_TASK GOAL_
What you return should be the complete listing, unchanged, with no pictures in it.

_THE DATA_
────────────────────────────────────────
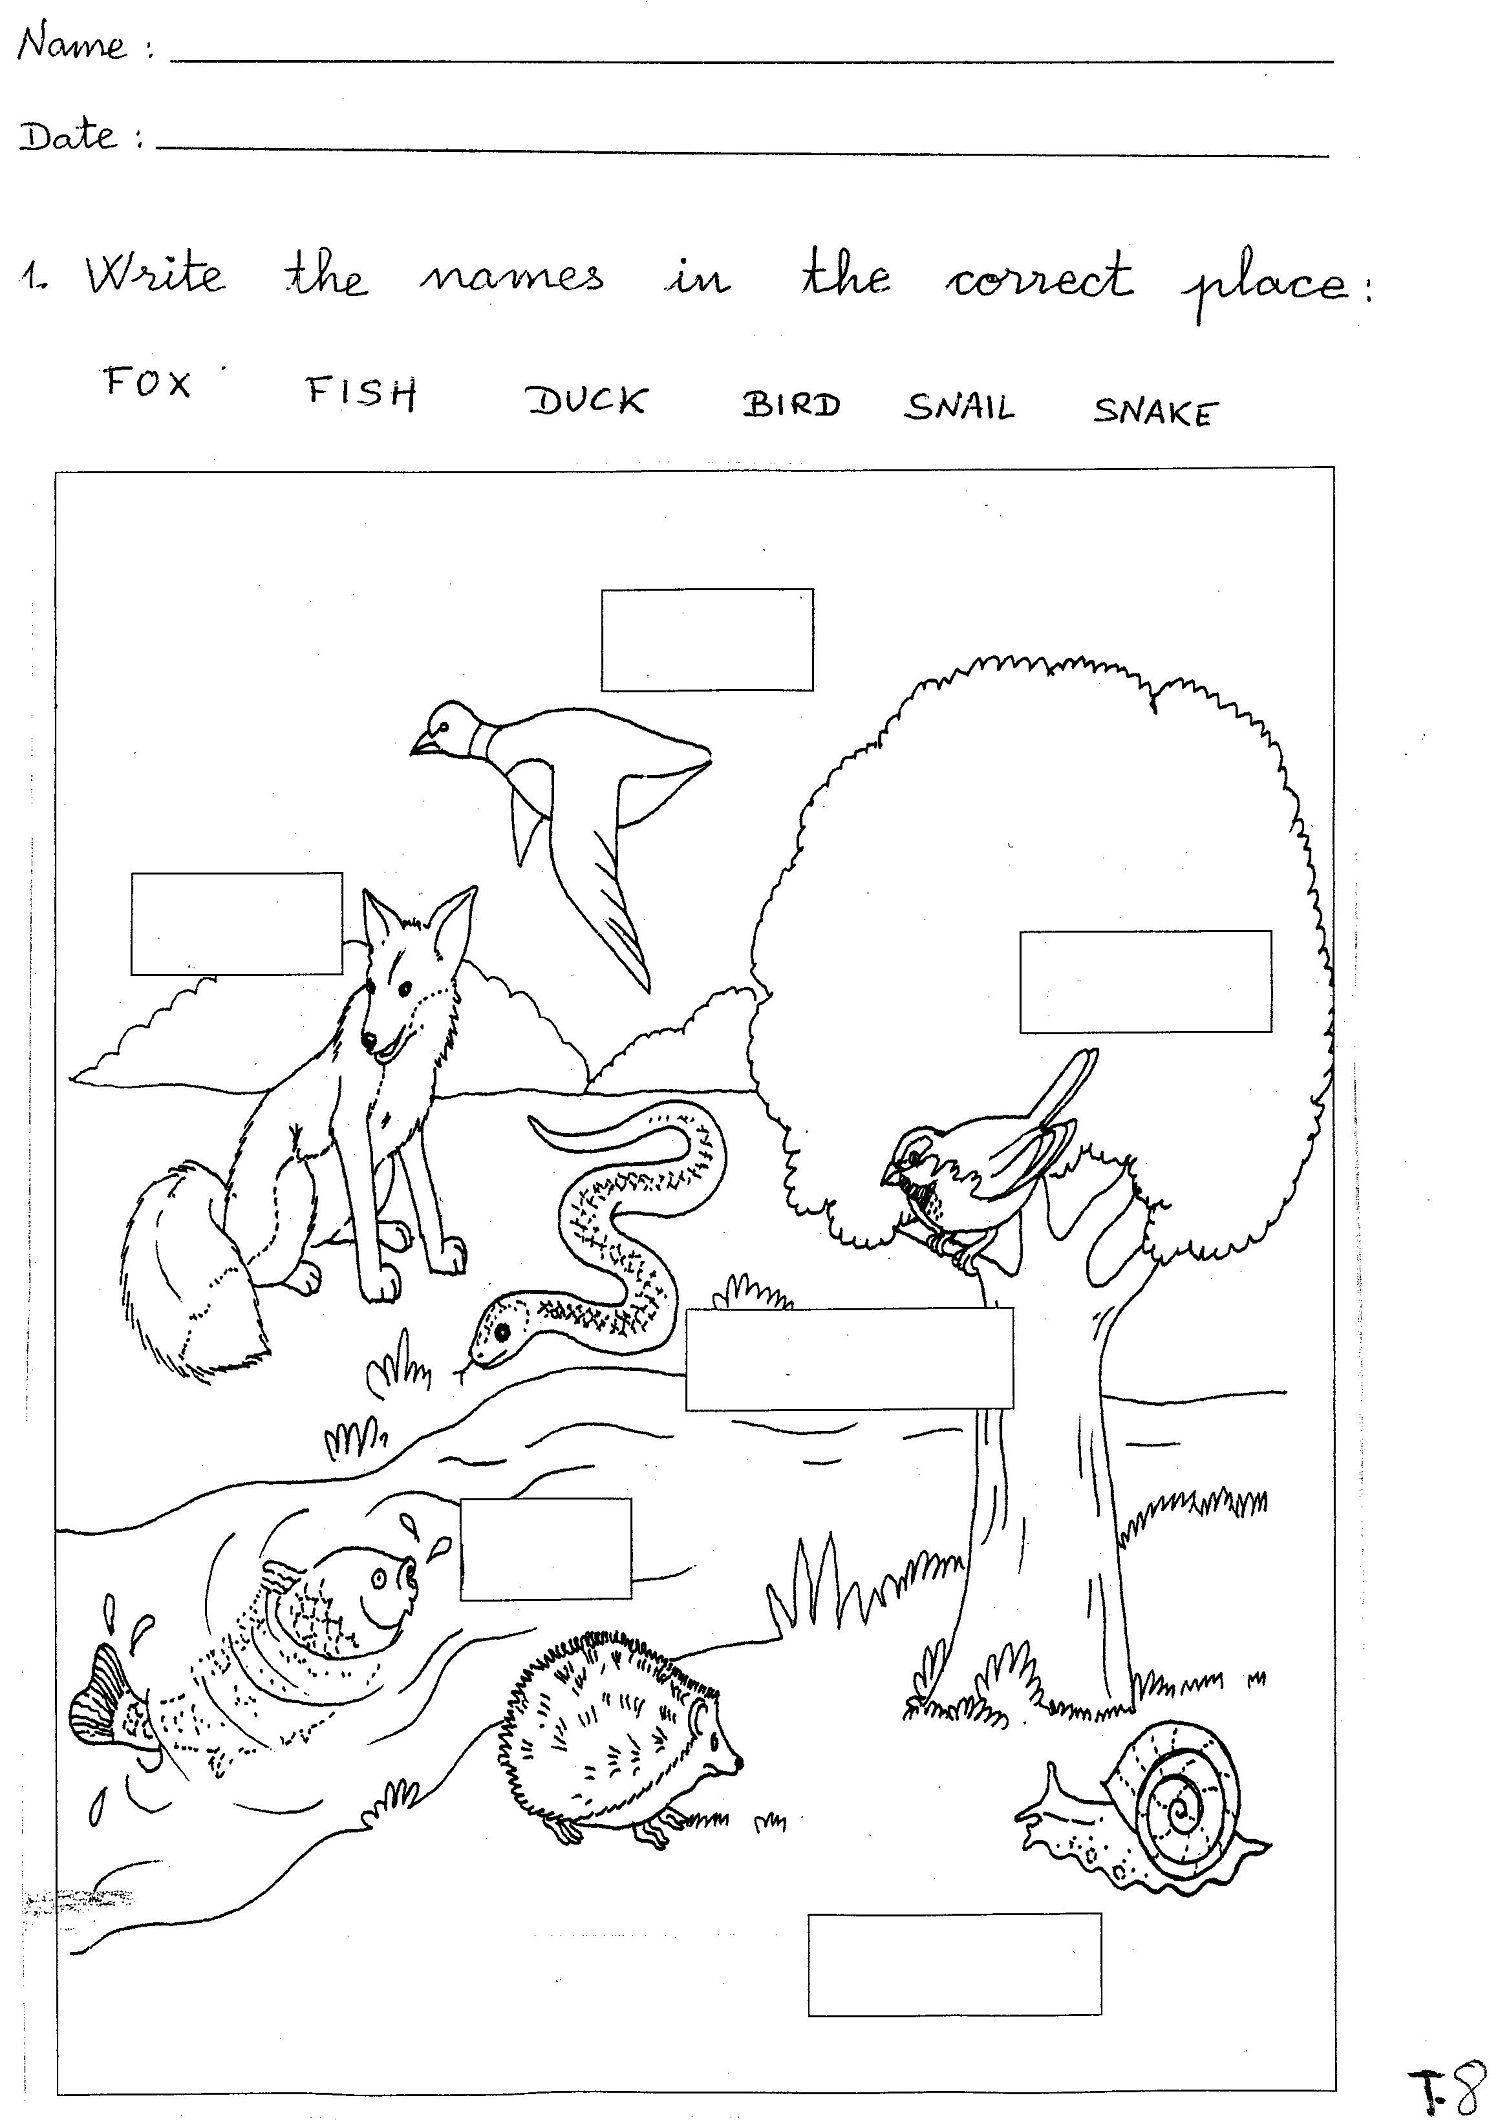 Grade 1 Worksheets for Children Learning Exercise   Biology worksheet [ 2120 x 1500 Pixel ]
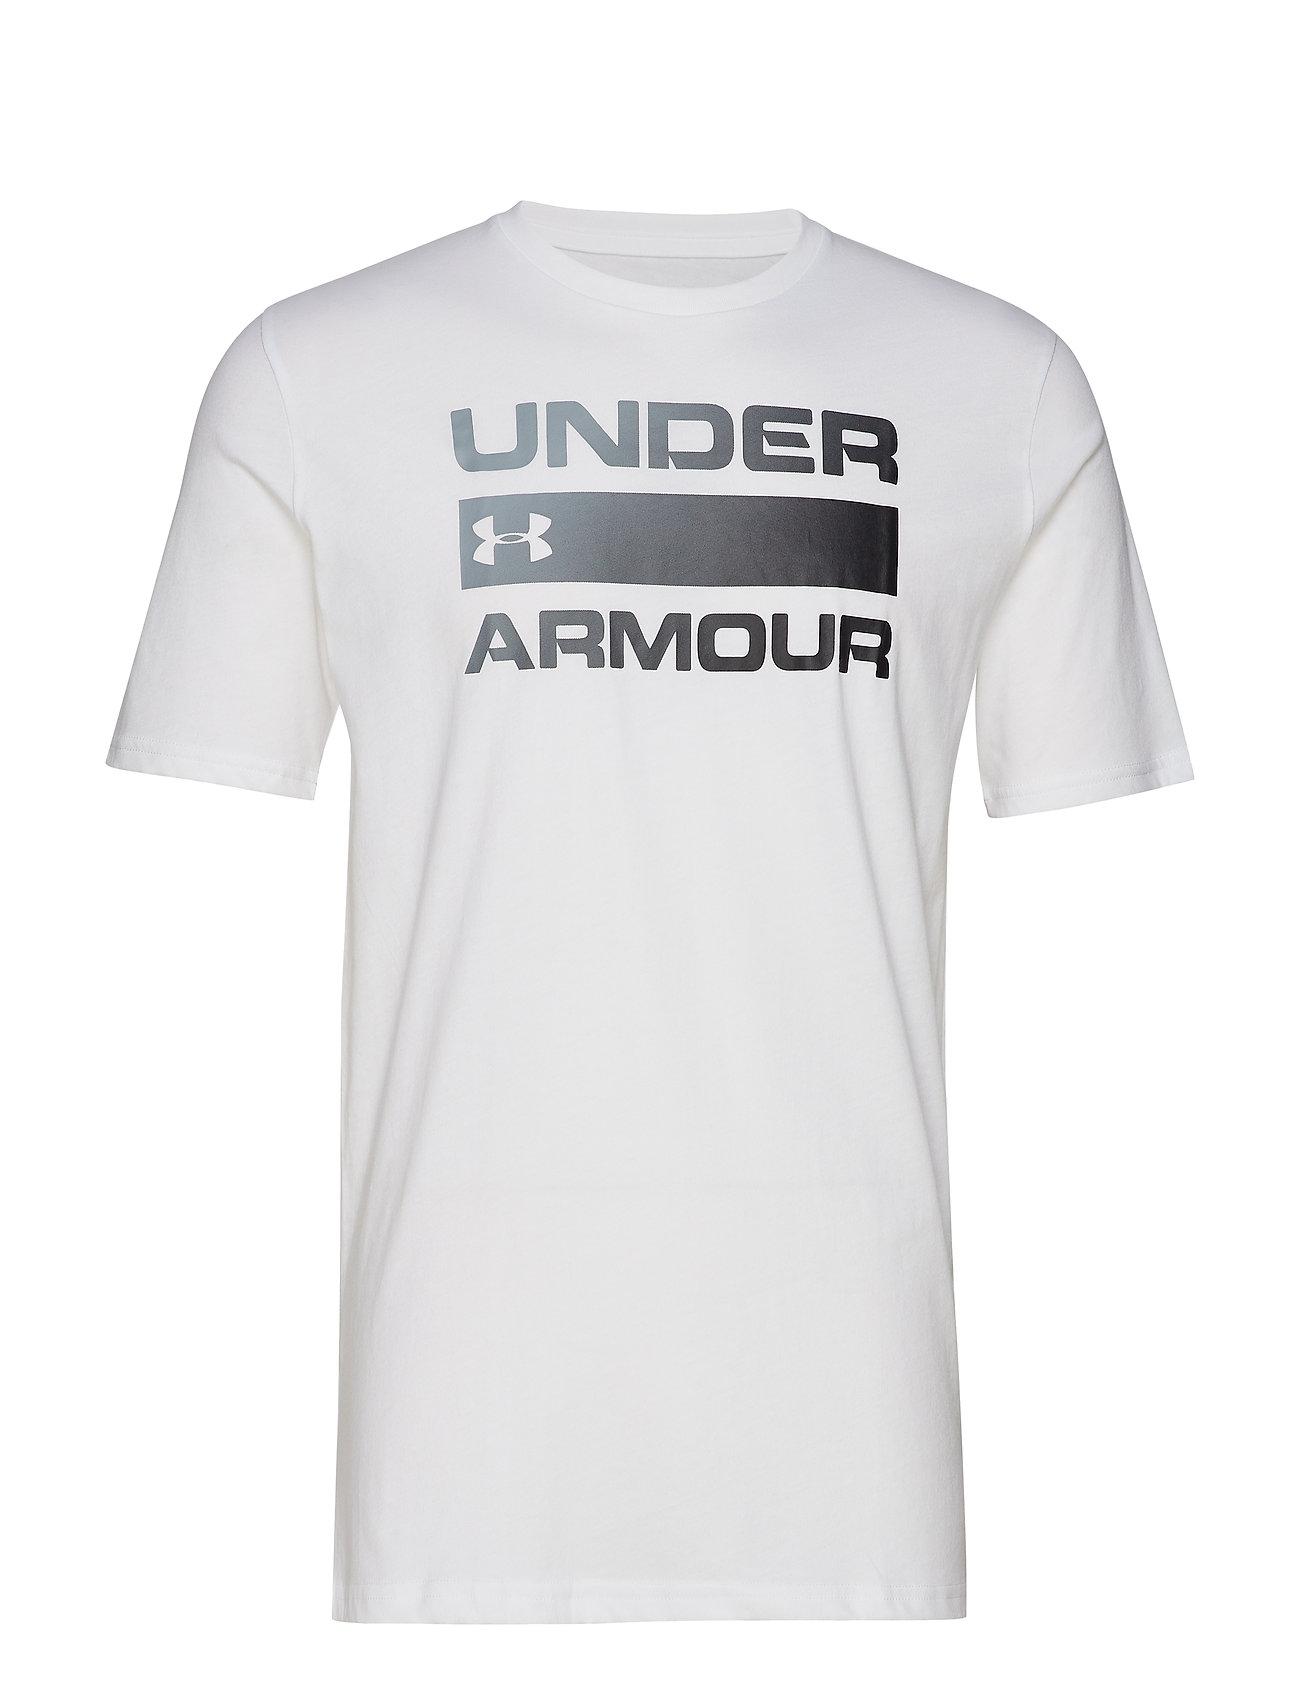 SswhiteUnder Team Issue Armour Wordmark Ua PkZuXi
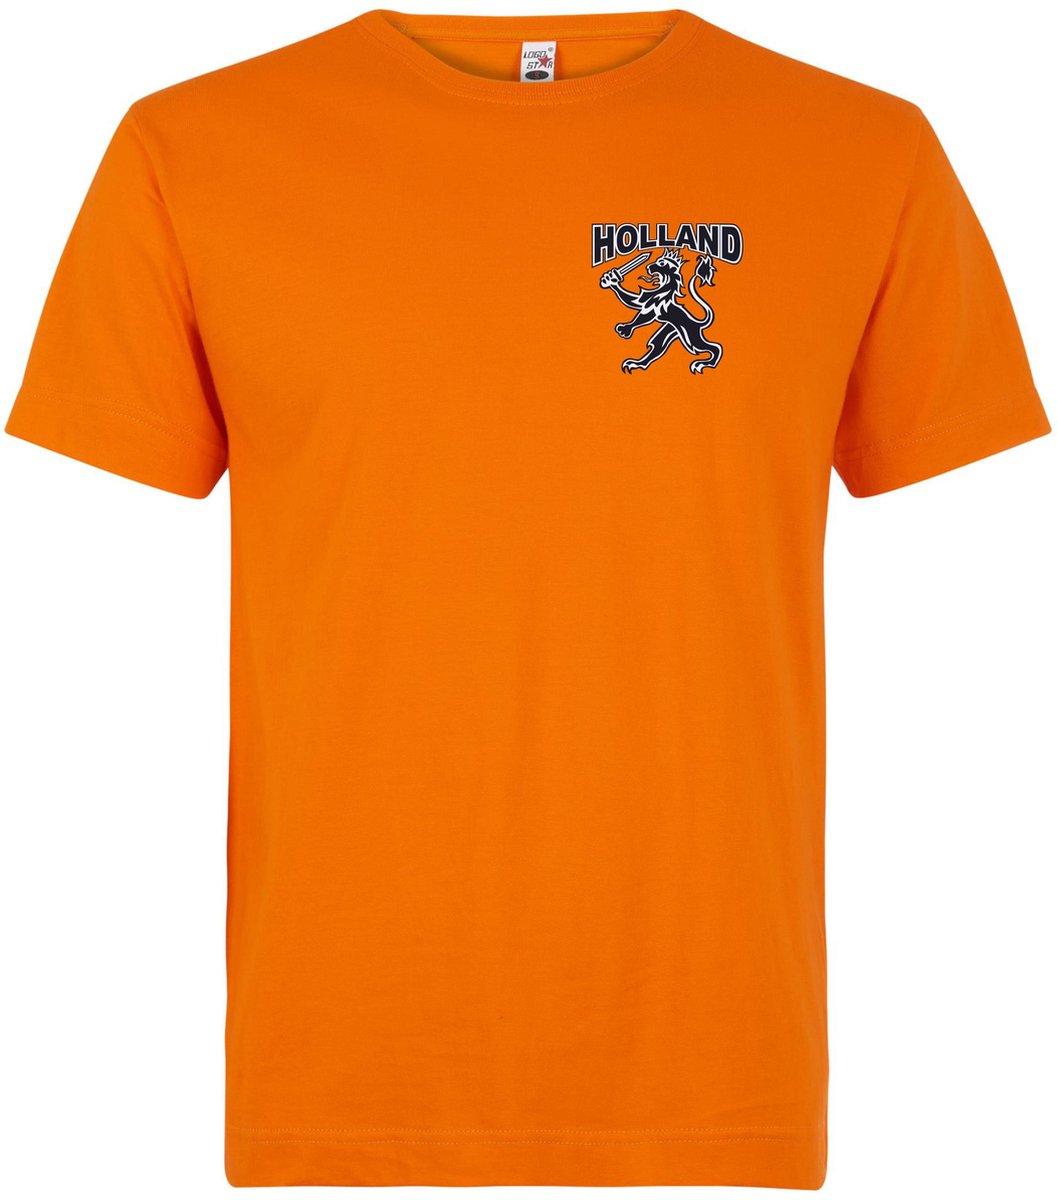 T-shirt oranje Holland WEGDORST 19   EK Voetbal 2020 2021   Nederlands elftal shirt   Nederland supp
────────────────────────────────────────
_FINAL ANSWER_
 Grade 1 Worksheets for Children Learning Exercise   Biology worksheet [ 2120 x 1500 Pixel ]
 SswhiteUnder Team Issue Armour Wordmark Ua PkZuXi
 T-shirt oranje Holland WEGDORST 19   EK Voetbal 2020 2021   Nederlands elftal shirt   Nederland supp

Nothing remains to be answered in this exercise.